-------- INFORMATION SUPPLIED --------
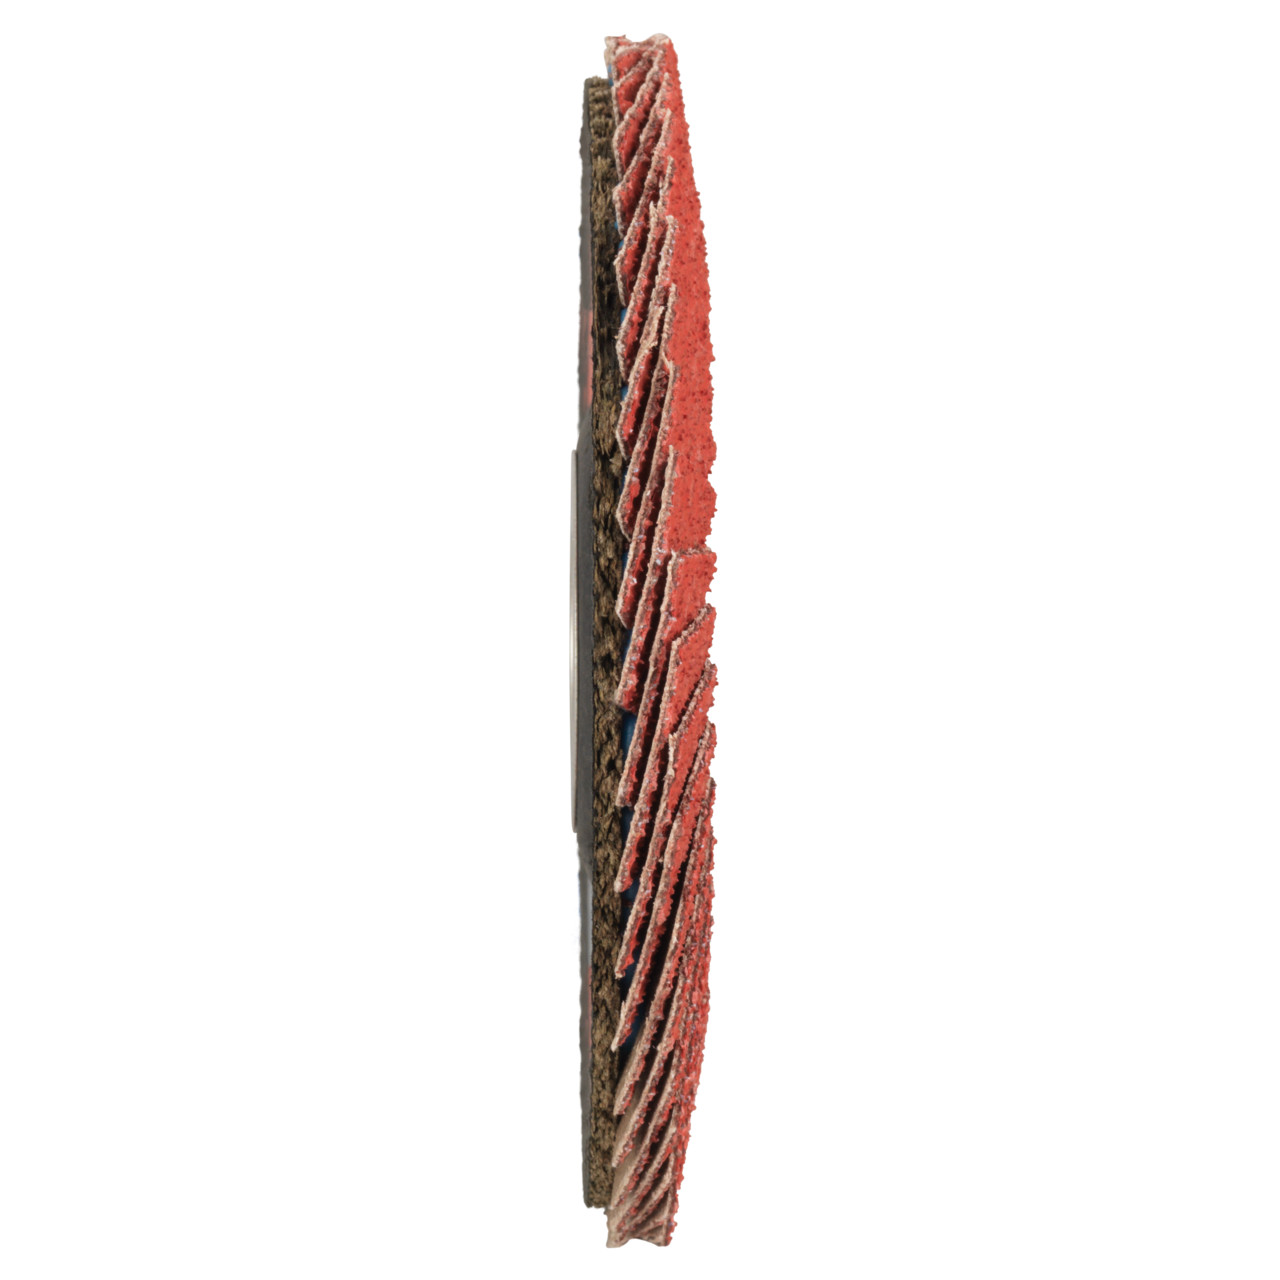 TYROLIT getande borgring DxH 125x22,23 CERAMIC voor roestvrij staal, P80, vorm: 28A - rechte uitvoering (uitvoering glasvezeldragerhuis), Art. 34166688
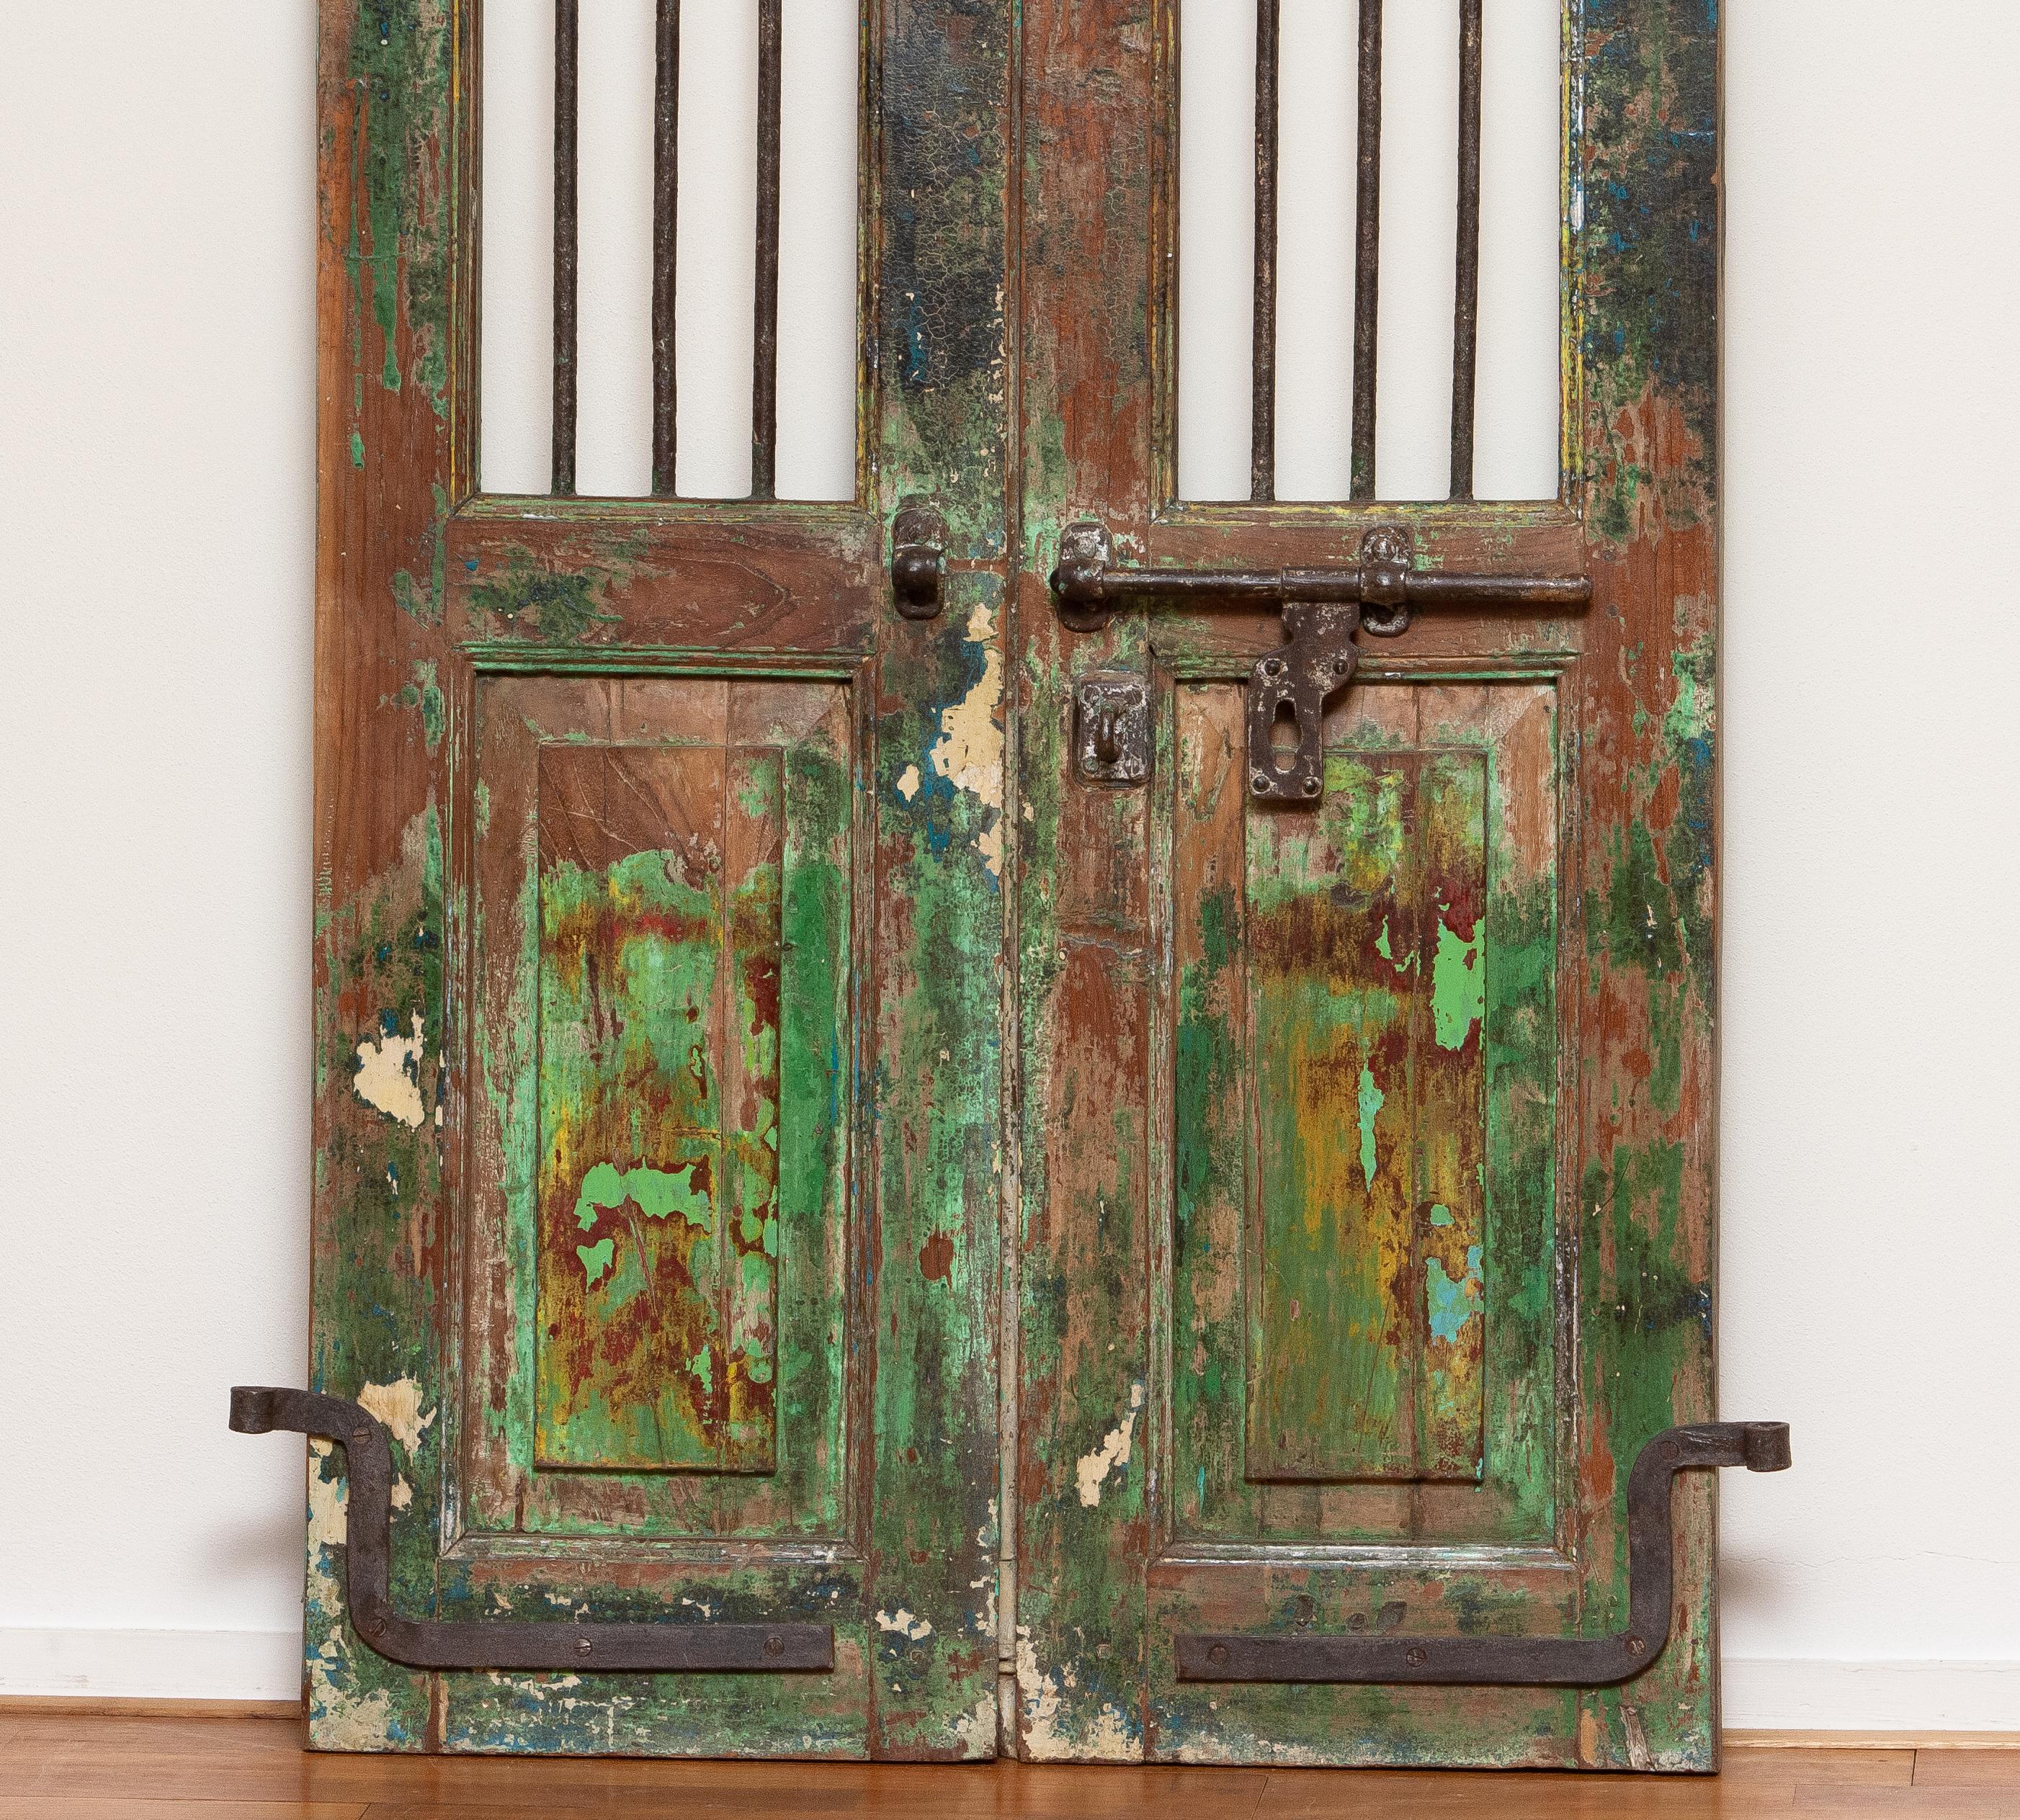 Indische Fenster- oder Türläden aus dem 19. Jahrhundert. Komplett mit Originalbehang und Metallmechanismus zum Verschließen. Die Türen sind mit Paneelen versehen, und über dem Schließmechanismus befinden sich jeweils drei Stahlstangen. 
Diese Türen
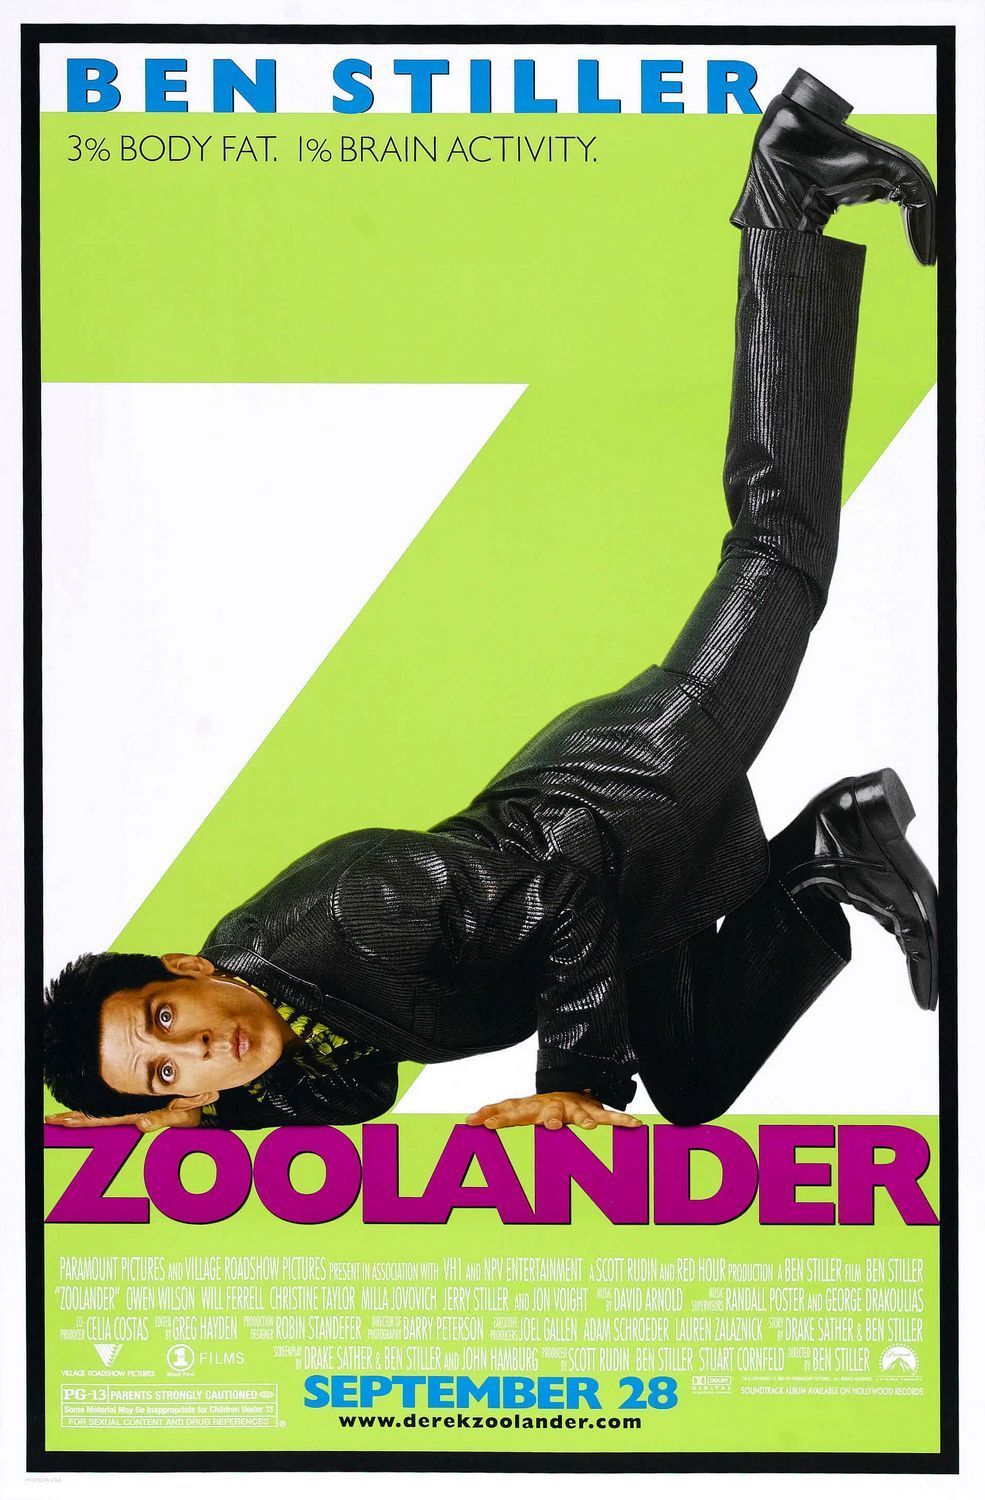 zoolander-movie-poster.jpg
--------
EXERCISE INSTRUCTIONS
With the images removed, write out all of the material above exactly.

SOLVED EXERCISE
 TYROLIT getande borgring DxH 125x22,23 CERAMIC voor roestvrij staal, P80, vorm: 28A - rechte uitvoering (uitvoering glasvezeldragerhuis), Art. 34166688
 Indische Fenster- oder Türläden aus dem 19. Jahrhundert. Komplett mit Originalbehang und Metallmechanismus zum Verschließen. Die Türen sind mit Paneelen versehen, und über dem Schließmechanismus befinden sich jeweils drei Stahlstangen. 
Diese Türen
 zoolander-movie-poster.jpg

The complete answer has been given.